The court held that it was not a case of Nudum pactum, and there was consideration involved on the part of both the parties. The court firstly stated the definition of ‘consideration’ given in Nisi Privis, which was adopted and cited by Tindal C J in Laythorp v. Bryant, as “Any act of the plaintiff from which the defendant derives a benefit or advantage, or any labour, detriment, or inconvenience suffered by the plaintiff, provided such act is performed or such inconvenience suffered by the plaintiff, with the consent, either express or implied, of the defendant. The court applied this definition to the facts of the case, and analysed that the acts of the plaintiff, of using the smoke balls for a fortnight, was enough consideration on their part, and the fact that the defendants received a benefit from this user as she purchased their product, and also, they benefited indirectly from their promise, as it boosted their sales, was enough consideration on their part, thus ruling that there was consideration involved.
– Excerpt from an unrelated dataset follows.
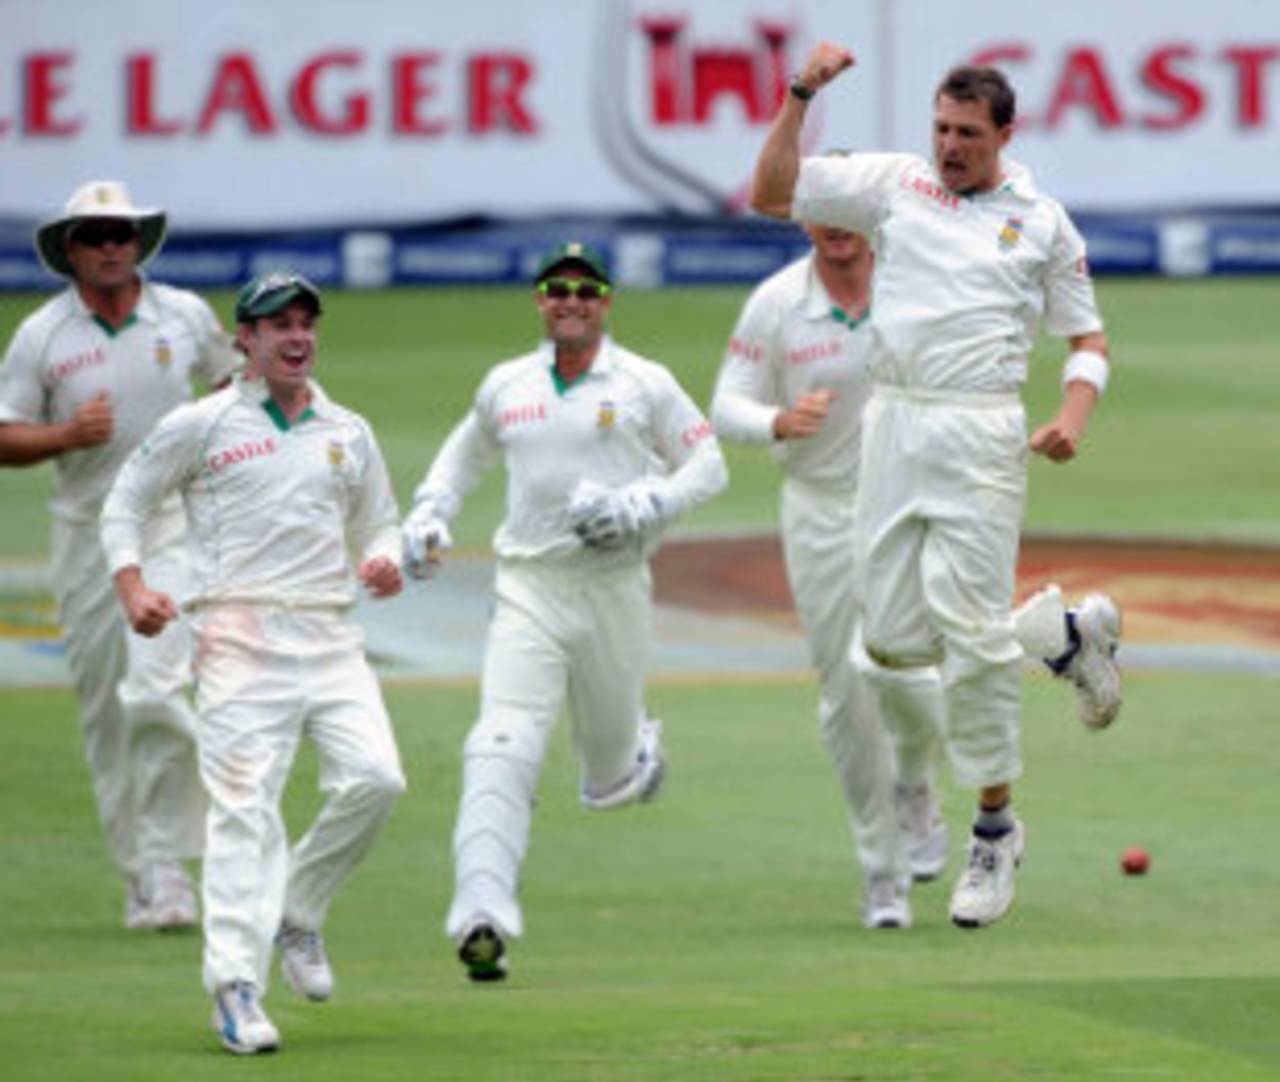 Dale Steyn's five wickets put South Africa on top on day one at the Wanderers, South Africa v England, 4th Test, Johannesburg, South Africa, January 14, 2010

Thus, having given its judgment, the court ruled in favour of the respondents (Louisa Carlill) and dismissed the appeal from the company, unanimously. There was a disagreement however, between Lidley LJ, and Bowen LJ as to what was the time period in which a claim could be brought to court, with the former saying that a reasonable time has to be ascertained, where as the latter said that a claim could be brought only when the smoke balls were being used.
However, this was not a major issue, as the plaintiff was using the medicine when she contracted influenza. Issue that was not determined by the court: In this case, the performance of the condition by the respondent was involuntary. Though the court decided the case in the respondent’s favour, it neither brought up this issue, nor provided any answers to the questions raised by the counsel for the petitioners in this regard, and this, in my opinion, was an issue that needed conclusive ruling upon. Analysis on whether the issues were framed properly or not:
Before going into the analysis of whether the issues were framed properly or not, it is necessary to look into the arguments advanced by counsels appearing on either sides, both in the Queen’s Bench, and the Court of Appeal. Briefly stating, there were three issues raised by the defendants in the lower court, that it was not intended to be a contract, that even if it is a contract, it comes under the category of wagering contract, which is unlawful, and even if it doesn’t come under a wagering contract, it was an insurance policy, but cannot be enforceable as it did not follow the prescribed form of stating people’s names.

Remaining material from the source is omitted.